Этот термин в устах кавалерийского офицера прозвучал настолько серьезно, что наступило молчание, как после осечки пистолета, который еще минуту назад оглушительно стрелял и у которого вдруг заело спуск.
— Ладно, оставим это, — продолжал Менильгран. — Вы, по-моему, еще сильней, чем я, оскотинели от войны и жизни, которую мы все вели. Мне нечего сказать вашим неверующим душам, но раз уж ты, Рансонне, изо всех сил стремишься узнать, почему твой товарищ Менильгран, которого ты считаешь таким же атеистом, как ты сам, зашел на днях в церковь, я готов тебе ответить и отвечу. За этим скрывается некая история… Когда я ее расскажу, ты, и не веря в Бога, может быть, поймешь, что Он имеет к ней касательство.
Менильгран сделал паузу, словно затем, чтобы придать побольше торжественности тому, что собирается рассказать, и начал:
— Ты тут упомянул об Испании, Рансонне.
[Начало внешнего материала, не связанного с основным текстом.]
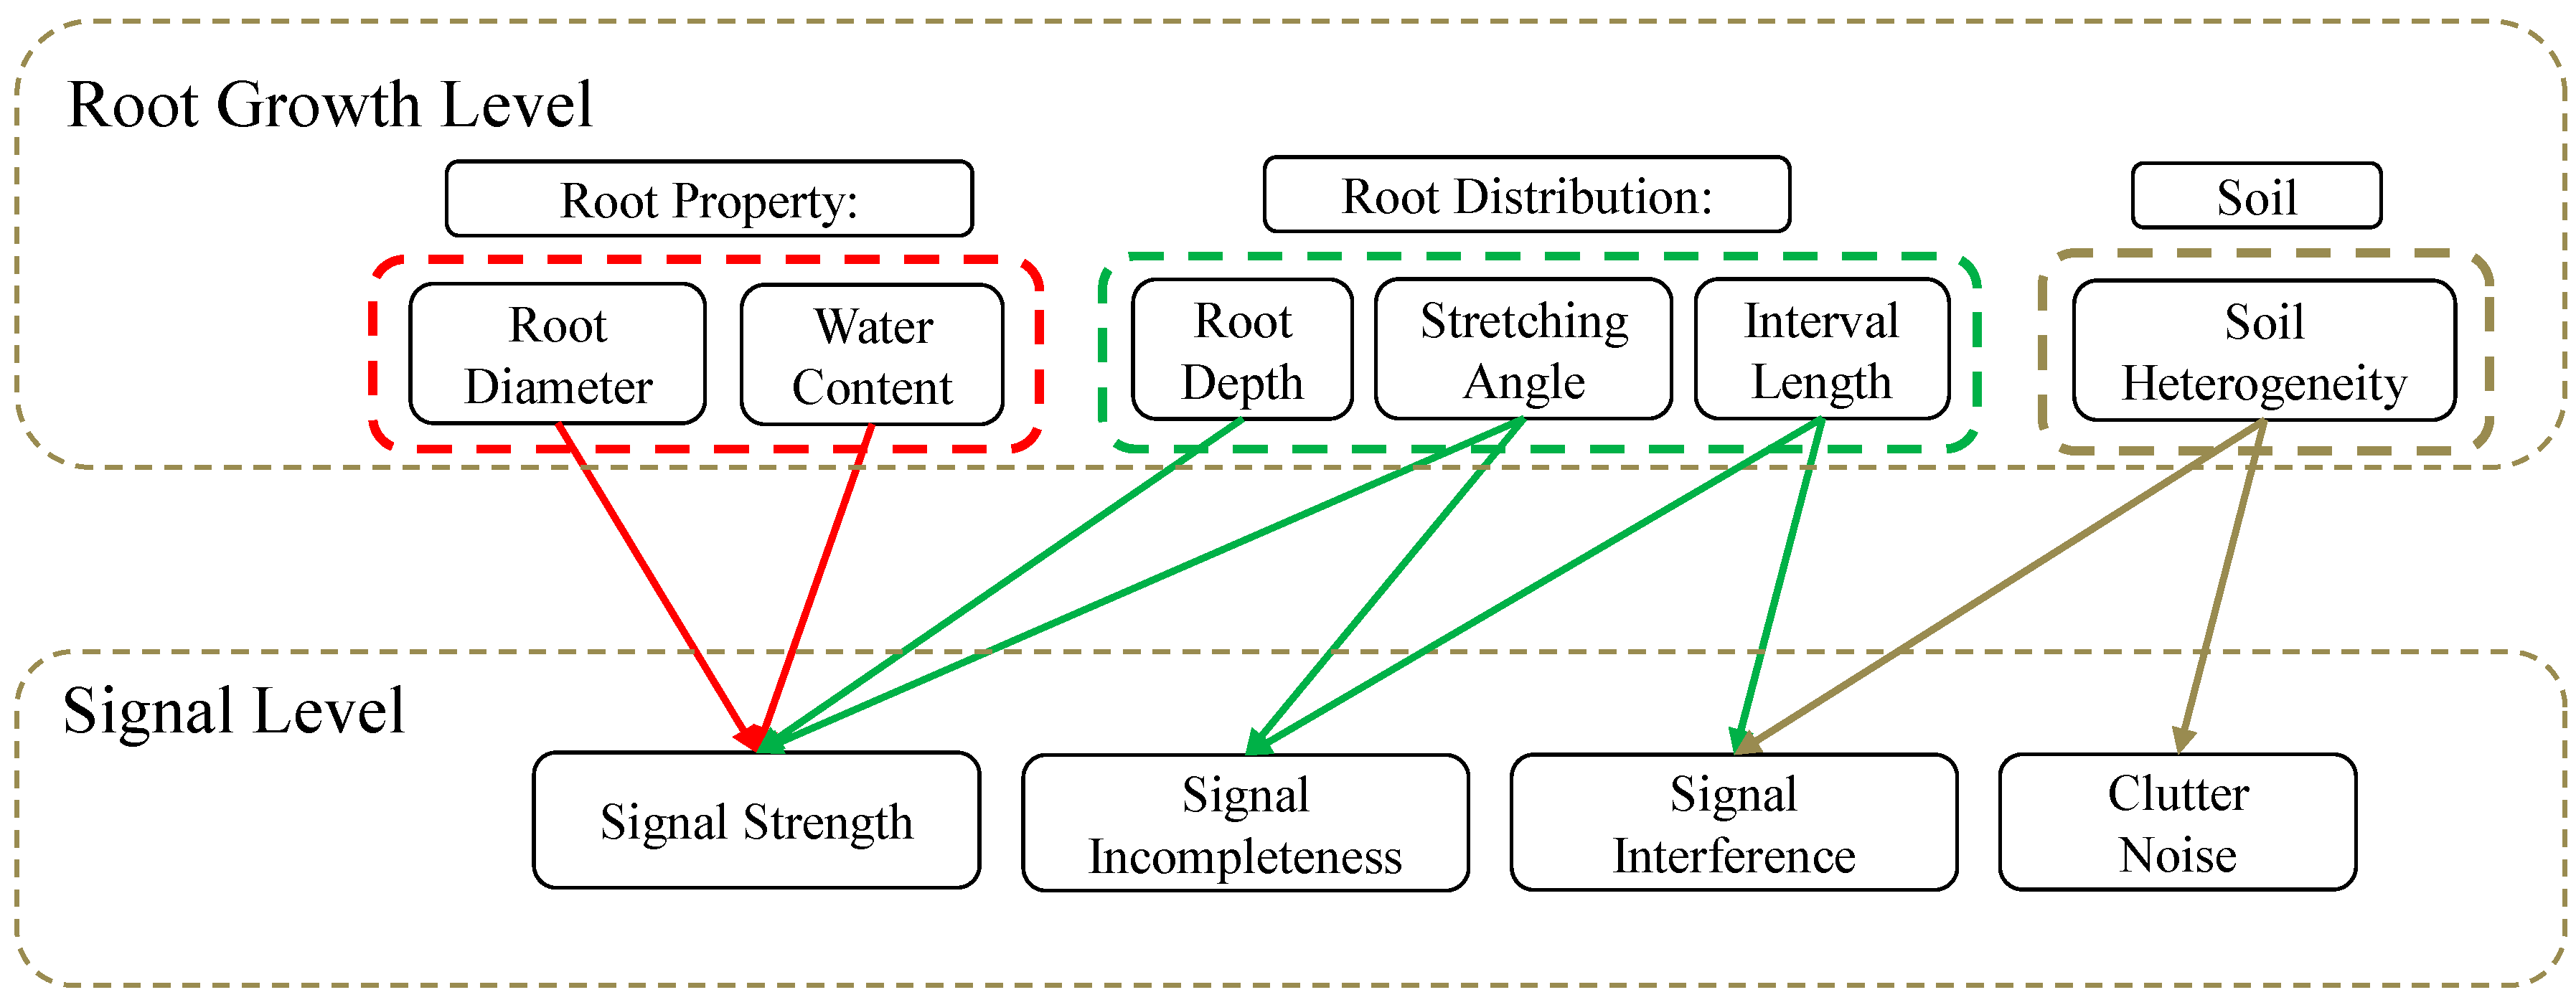 Tree Root Depth Chart

Моя история там и произошла. Многие из вас участвовали в той роковой войне, с которой, то есть с тысяча восемьсот восьмого года, началось крушение Империи и все наши невзгоды. Кто побывал на этой войне, тот ее не забудет, а ты, — замечу, кстати, — майор Селюн, подавно! Воспоминание о ней написано у тебя на лбу так, что никогда не сотрется.
Майор Селюн сидел подле старого Менильграна лицом к лицу с Менилем. Это был человек по-военному крепкого телосложения и в еще большей степени, чем герцог де Гиз, заслуживавший прозвища «Меченый»,[212] потому что в Испании при стычке передовых разъездов получил сокрушительный удар кривой саблей, так удачно угодившей ему в лицо, что она раскроила напополам и нос, и все остальное от левого виска до мочки правого уха. В нормальных условиях это было бы серьезное ранение, придающее физиономии солдата благородный вид, но хирург, сшивавший края зияющей раны, в спешке или по неумению плохо соединил их — на войне как на войне! Полк был на марше, и, чтобы поскорее покончить с операцией, врач срезал ножницами полосу мышечной ткани толщиной в два пальца, свисавшую с одного края зашитой раны, из-за чего на лице Селюна осталась не то что глубокая борозда, а форменный овраг. Это выглядело страшно, отвратительно, но тем не менее грандиозно. Когда Селюна бросало в краску, а он был вспыльчив, шрам наливался кровью и бронзовое лицо майора словно опоясывалось широкой красной лентой. «Еще не получив большую офицерскую ленту Почетного легиона на грудь, ты уже носишь ее на лице, — шутил Мениль в дни взлета их общего честолюбия. — Но будь спокоен: она сползет ниже».
Она не сползла: Империя рухнула раньше. Селюн остался кавалером ордена.
— Итак, господа, мы видели в Испании немало жестокостей, да и сами их совершали, верно? — продолжал Менильгран. — Но я не видел зверства отвратительней того, о котором буду иметь честь вам рассказать.
— Что до меня, — небрежно бросил Селюн с самодовольством старого рубаки, не допускающего мысли, что его можно взволновать, — что до меня, я видел однажды восемьдесят монашек, которых полумертвыми, одну на другую, побросали в колодец, предварительно пропустив через каждую по два эскадрона.
— Солдатская грубость! — холодно бросил Менильгран. — А вот образец офицерской утонченности.
Он пригубил бокал, обвел присутствующих взглядом, как бы сжав в его кольце весь стол, и спросил:
— Есть ли здесь кто, знававший майора Идова? Отозвался один Рансонне:
— Я. Еще бы мне не знать майора Идова! Мы, черт возьми, служили вместе в восьмом драгунском.